В Ярославле у Ермолина-старшего вдруг появилась служебная «Волга» цвета беж. «Макака» сгинул в Тутаеве, оставленный ржаветь в сарае их бывшего дома. Да и как перевезёшь эту груду давно выработавшего свой ресурс быстрого железа. Мишель любил ездить с дедом на «Волге», но отчаянно жалел «макаку». Сохранилась фотография, где он маленький сидит в седле, ухватившись за рогатый руль, и делает вид, что едет. Даже в сжатых губах мальчика на фотокарточке читался звук «рррр». Как-то он принёс фотографию в класс.
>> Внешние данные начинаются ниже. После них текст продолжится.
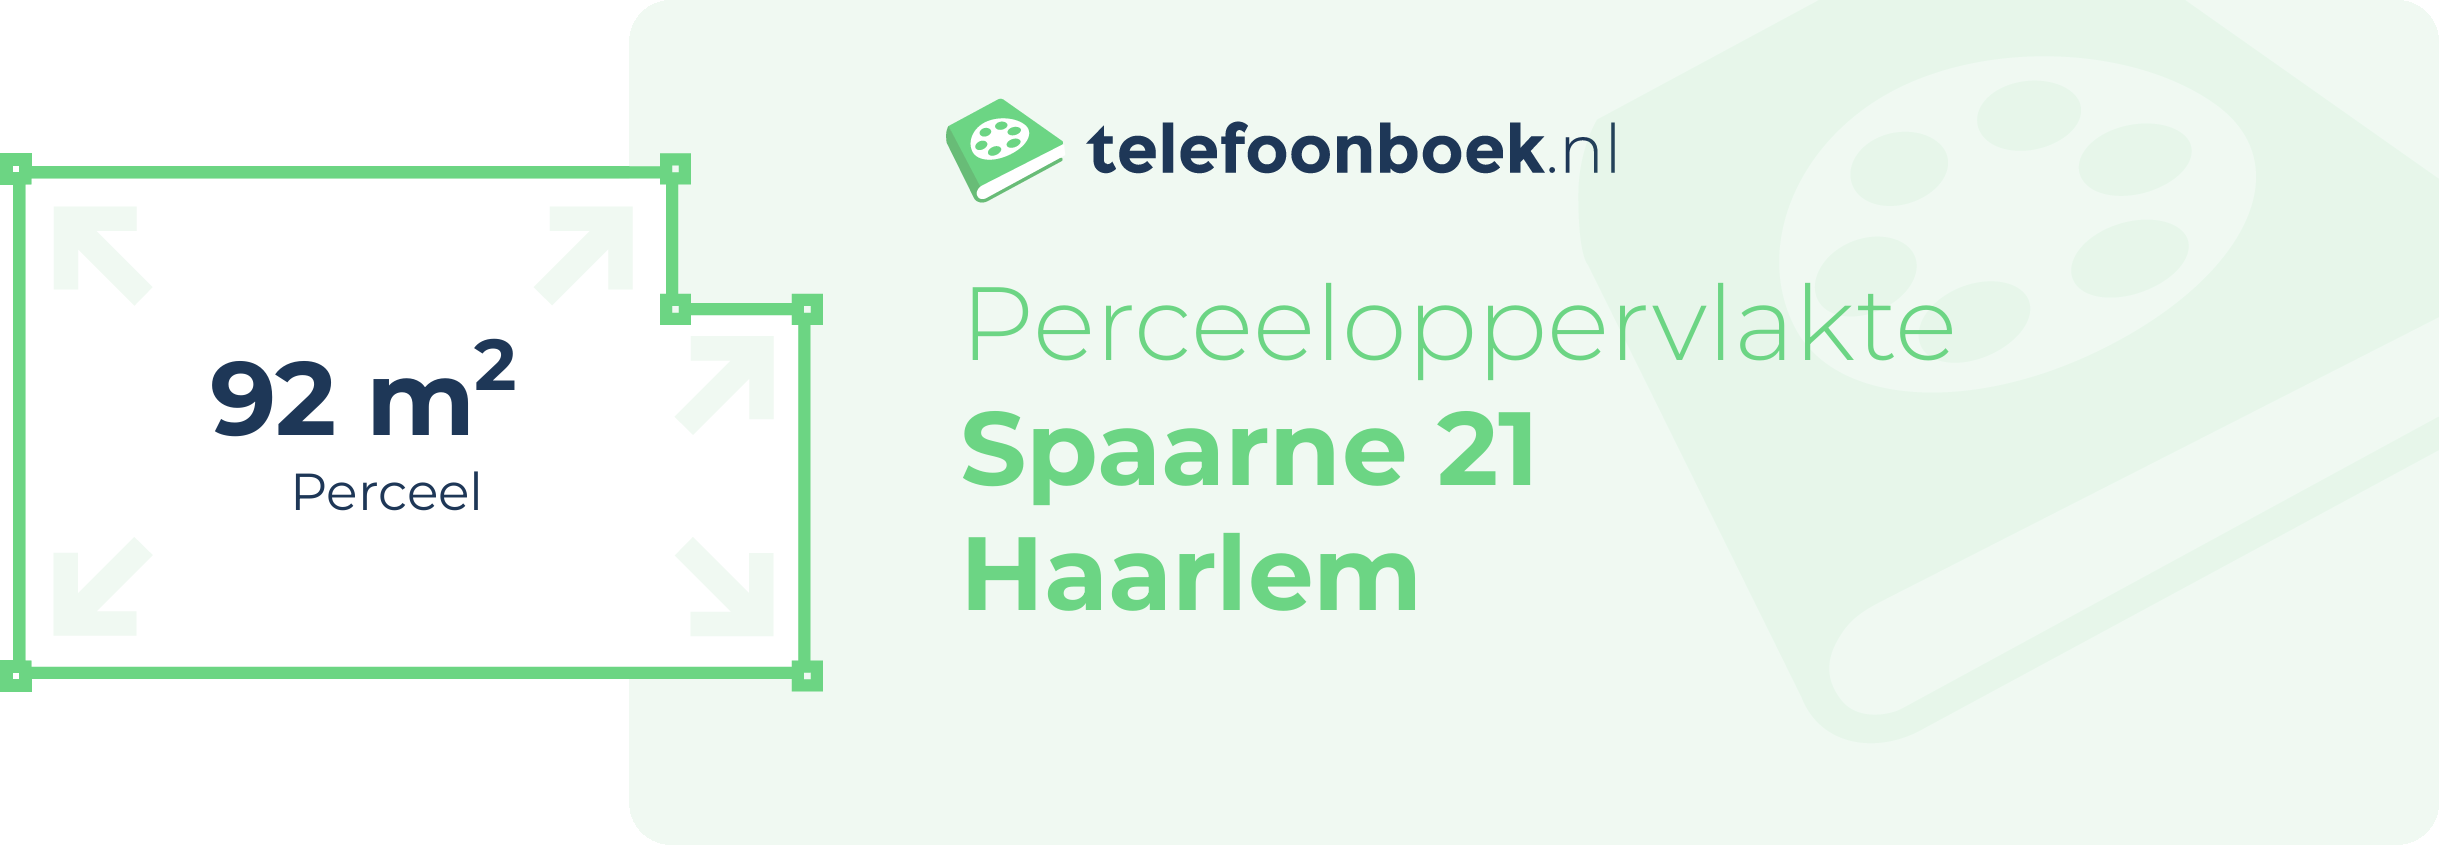 Perceeloppervlakte Spaarne 21 Haarlem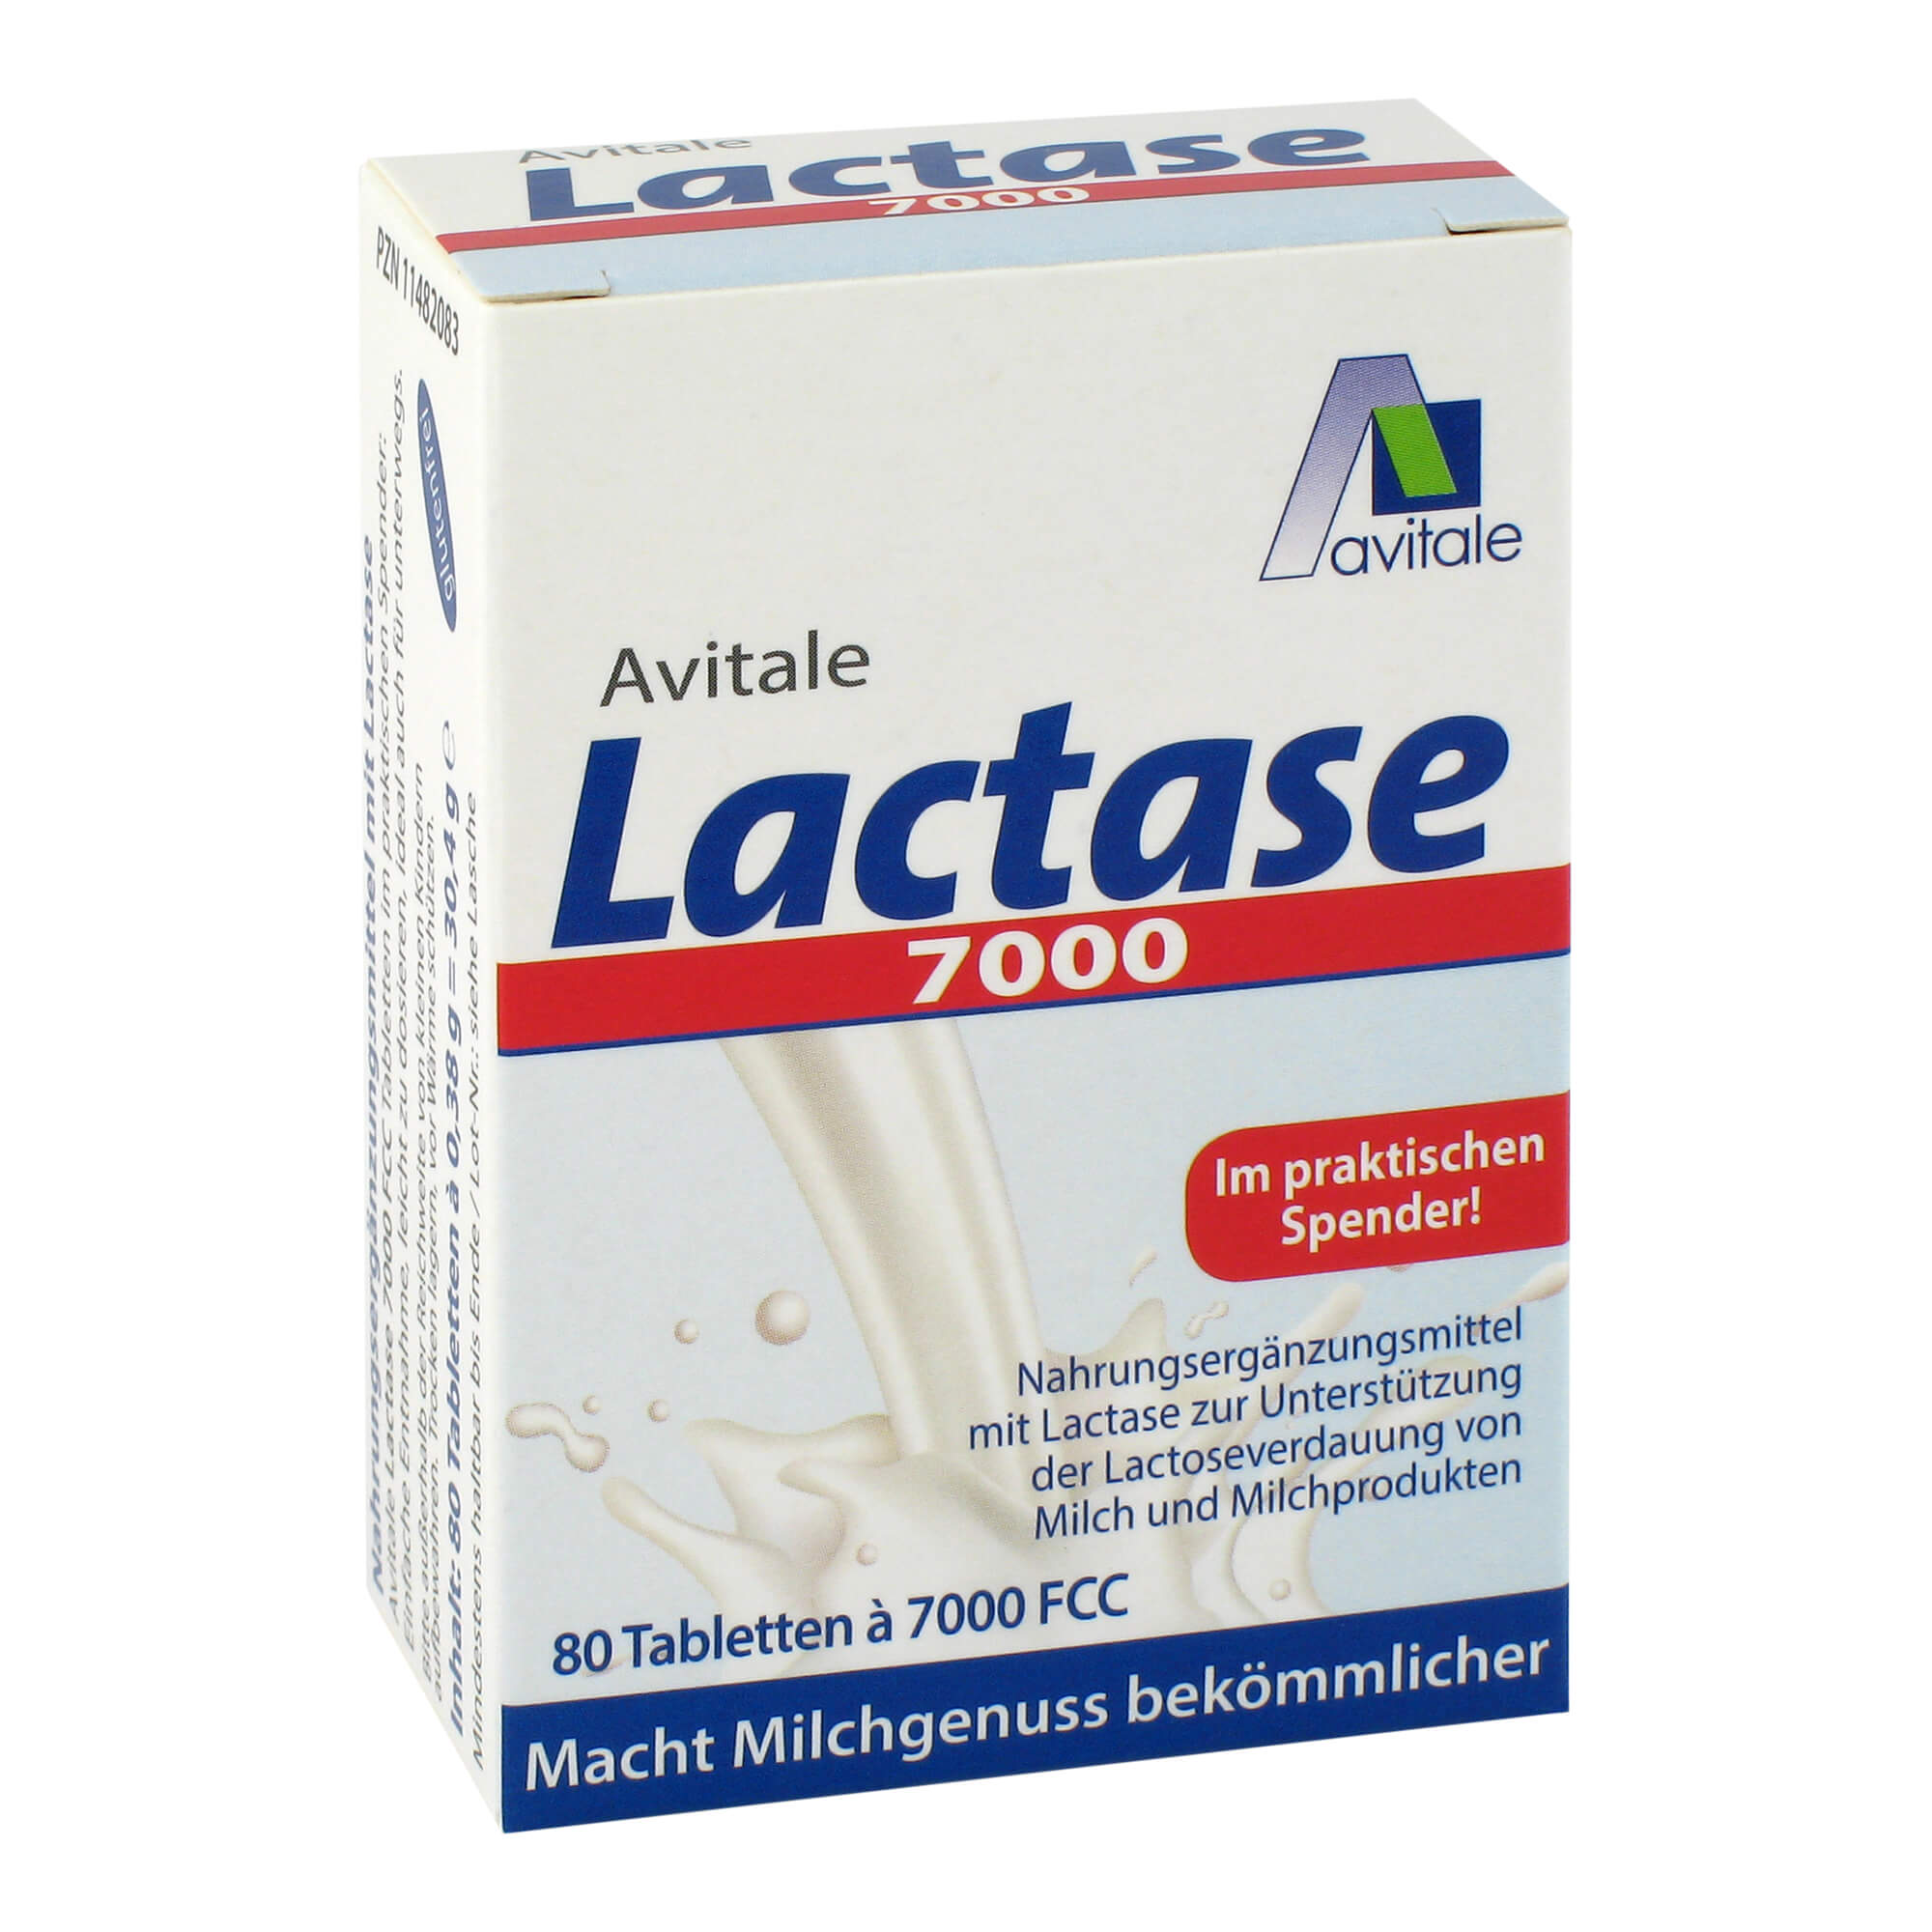 Nahrungsergänzungsmittel mit Lactase zur Anwendung bei Lactose-Intoleranz.

– Почти Эр-Тэ стодвадцатьпятый, немец натуральный. По нему «макак» уже в Москве делали, – со знанием дела сказал Шахрай, который в технике разбирался лучше всех в классе. – Надёжный был аппарат. Помню его. Раритет! Что же не взяли с собой? Ну и что, что сломан! Починили бы.
Мишелю было жаль мотоцикл. Как бы он пригодился в Ярославле! Вскочить в седло, завести, почувствовать через брючину тёплую стальную вибрацию да и прокатить Лерку Берковскую, девушку, на колени к которой так неуклюже рухнул он первым своим уже ярославским летом, когда их класс погрузили в кузов старого краза и повезли в колхоз на яблоки. В кузове пахло теми яблоками, Лерка пахла яблоками, и электричество то яркое, то тусклое, которое после питало их отношения, пахло яблоками. Какие бы духи он ей потом ни дарил (Мишелю однажды удалось достать в магазине «Ланком» на Невском даже знаменитые «Шанель номер пять»), Лерка пахла яблоками.